Long-Haul Survivorship is Hard Work

Written by Molly – Brains for the Cure Ambassador and Astrocytoma Survivor

Brain tumor survivorship is weird. Depending on a tumor’s location, your deficits vary. In my case, mine are mostly invisible to a casual observer. I imagine a stranger might think, “Aw, she’s nice but a little scatter-brained, don’t you think?”. My tumor was the size of an avocado pit in my deep left temporal lobe. It was mostly resected, but as rogue astrocytes go, it had tendrils. Reoccurrences are likely in my future. So it goes. I’m approaching six years in the stable zone. I am grateful. I know that I am lucky to be where I am, how I am right now. I can speak, and I do.
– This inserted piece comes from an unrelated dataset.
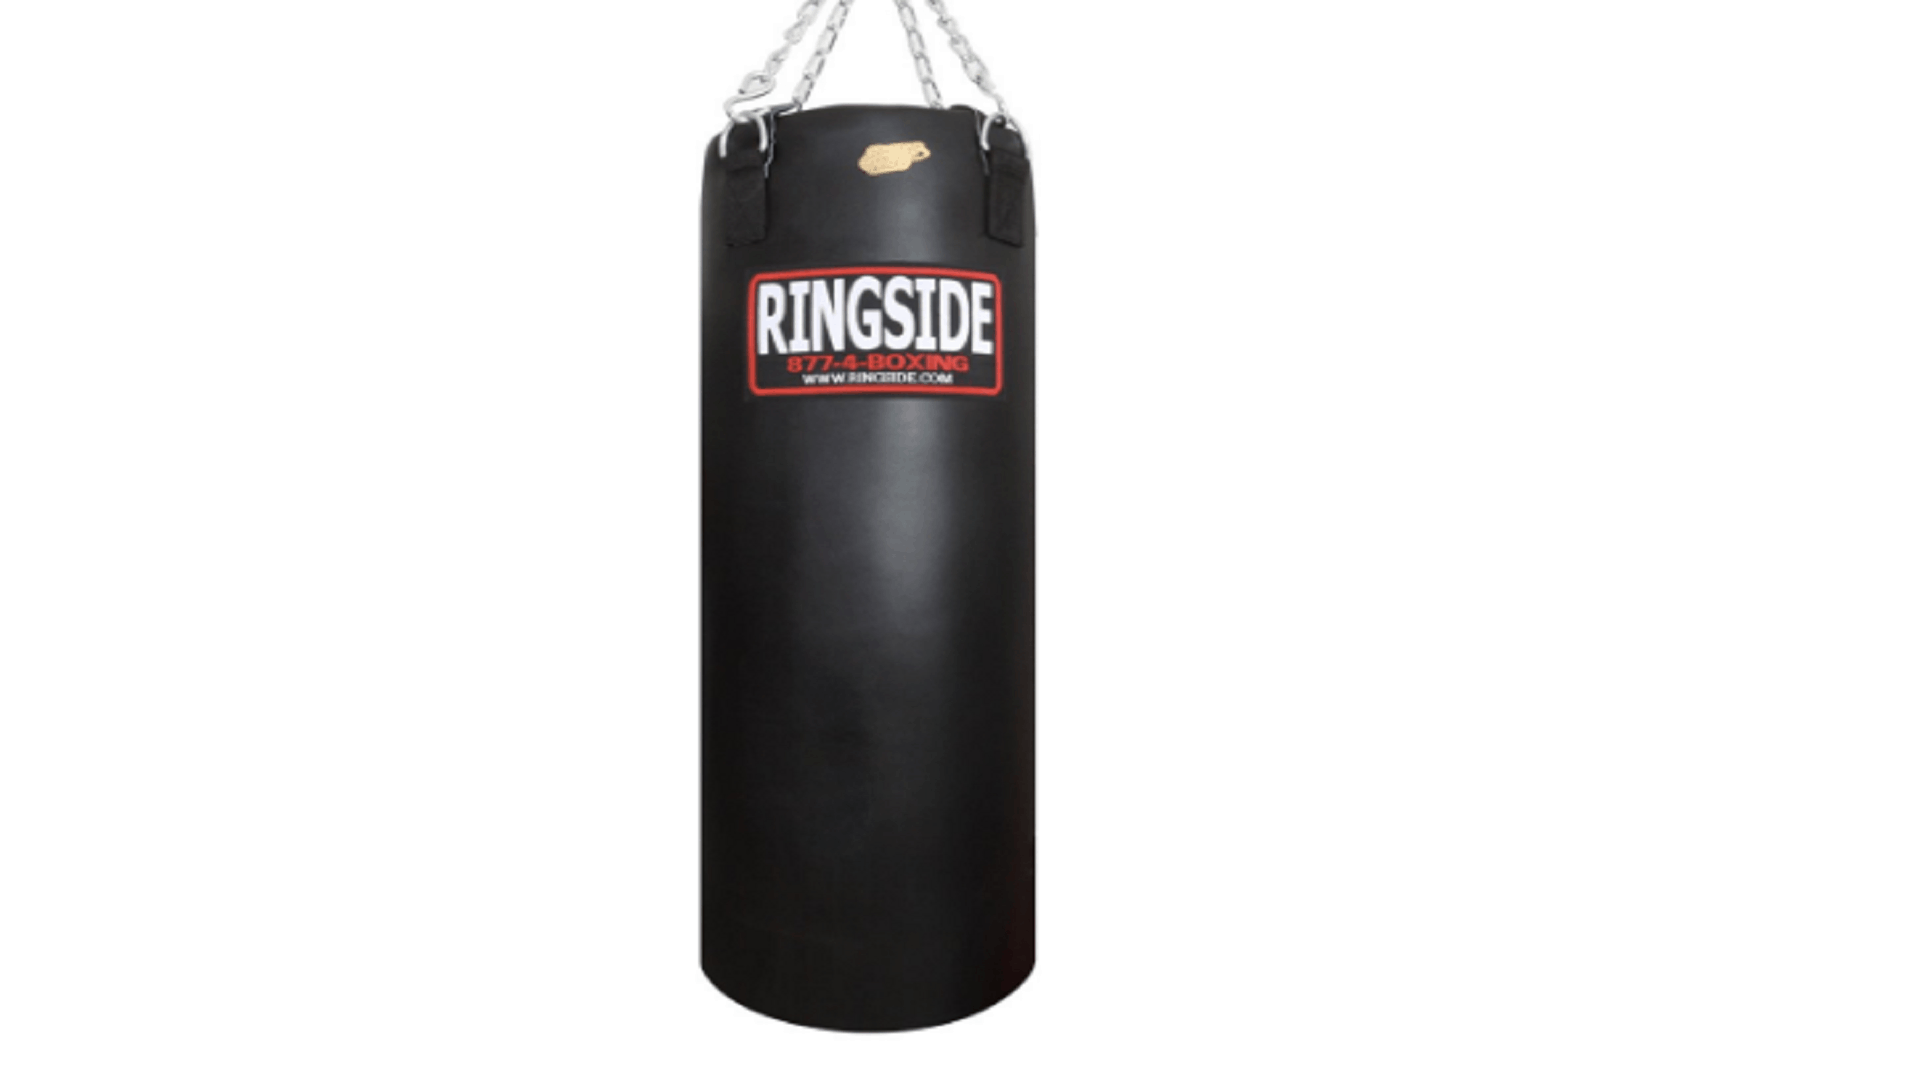 ringside 100-pound powerhide boxing

I’m very chatty, even when I’m swirling whirling dervishes of Damascus with word-finding skills. I can still walk and run and lift heavy weights. It is a privilege. I know this. 

And, yet… survivorship. It’s a very strange place to be. The further one goes into the years of being stable, without reoccurrence, the more frequently I’m looking into my rearview mirror. I want to be ready. I don’t want to be usurped or taken by surprise. I want to be as ready as possible with the un-ready-able. Like anybody, I’m still scared. I don’t act scared. I don’t appear scared. But I’m always a little bit scared. And I’m tired. I’m really, really tired. My brain is so tired.  
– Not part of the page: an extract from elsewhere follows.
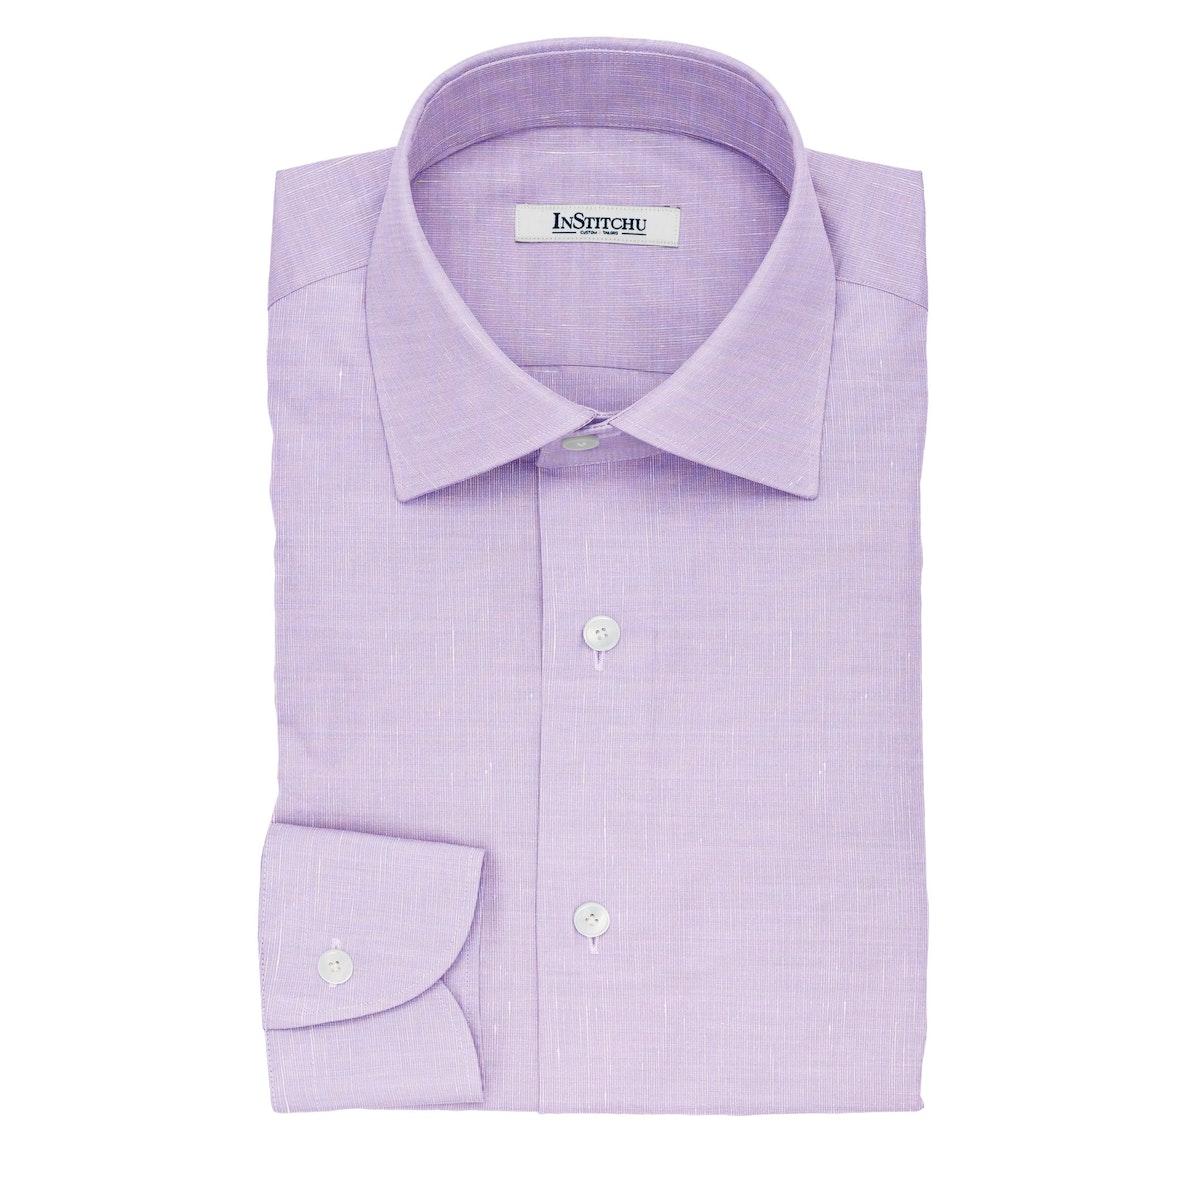 InStitchu Collection The Hugo Violet Cotton Linen Blend Shirt

It’s difficult to explain to people how brain cancer fatigue is different. A lot of people will mention “chemo tired” and while that may well be a thing—neuro fatigue is a different bag of beans entirely. A few barbell deadlifts or a 5K run don’t exhaust me. That’s the refreshing tired one’s body feels. Neuro fatigue is a black eclipse of my think-box, my brain, my speech, my words, my memory. A tiredness so heavy I must have an exit strategy handy immediately. It hits sudden and hard. I often can’t even predict its arrival. The last time it struck me at an awkward time I was meeting a long-time friend for a coffee. We chatted for an hour or two when I was suddenly hit with extreme fatigue. I couldn’t finish my sentence, I simply said, “I’m so sorry, I have to go home. I have to sleep.” 

Being a bit self-conscious, I know it must seem strange, but when I have to go I HAVE TO GO home. NOW. If I get that alert suddenly, it’s almost already too late. If I had a long drive I might have to call for assistance. As always, it is what it is. 

I’ve said before, I’m lucky. My survivorship hardships haven’t been brutal so far. They are small challenges in the grand scheme. And I’m at a place in survivorship where I’m hyper focused on parts of my health that may not have anything to do with my brain cancer, or maybe side effects of radiation/chemo; PCP appointments, orthopedic appointments, dermatology, mammograms, etc. It seems like certain deficits are the long-hauling kind. They don’t hit you at the start. They hit you down the road; hearing issues, vision problems, fatigue level, anxiety/depression, etc.

And then there has been the fight to keep my SSDI and learning how to keep up with consistently documenting long-term and permanent brain issues. Since my initial tumor discovery, surgery, treatment (radiation/chemo), regular MRIs – I had become complacent. My medical team and I seemed to have a pretty chill camaraderie. I knew how to read my feedback and my survivorship journey was in the neutral place. Where I finally felt like I could approach life once more as a “normie.” I took tap dancing lessons and started Olympic lifting (not the actual Olympics, it is a type of weightlifting). I started a fundraiser for my hospital’s brain tumor center and cancer survivorship. I was definitely in a good mental place or as they say… “living my best life.” 

But like all good things, it started to come to an end. Or another fork in the road—SSDI cancellation. “We see that you are healthy now,” basically. So then I begin the whole, “No, no. I am not fine. I am the same as before, even beginning a slight decline…” Which is difficult to go through…again. The tests, the appointments, the neuro-oncologist’s essays describing your MRI results, another neuro-psych evaluation proving that while you are in some ways functional, you are very not functional in other ways. 

Long-haul survivorship is hard work. We don’t become immune to deficits. Survivorship is a gift that comes with expected, and often unexpected burdens. But life is like that regardless. Burdens can be gifts in surprise. There’s no way over it but through it. And so I say, ever onward we go. Ever, ever onward.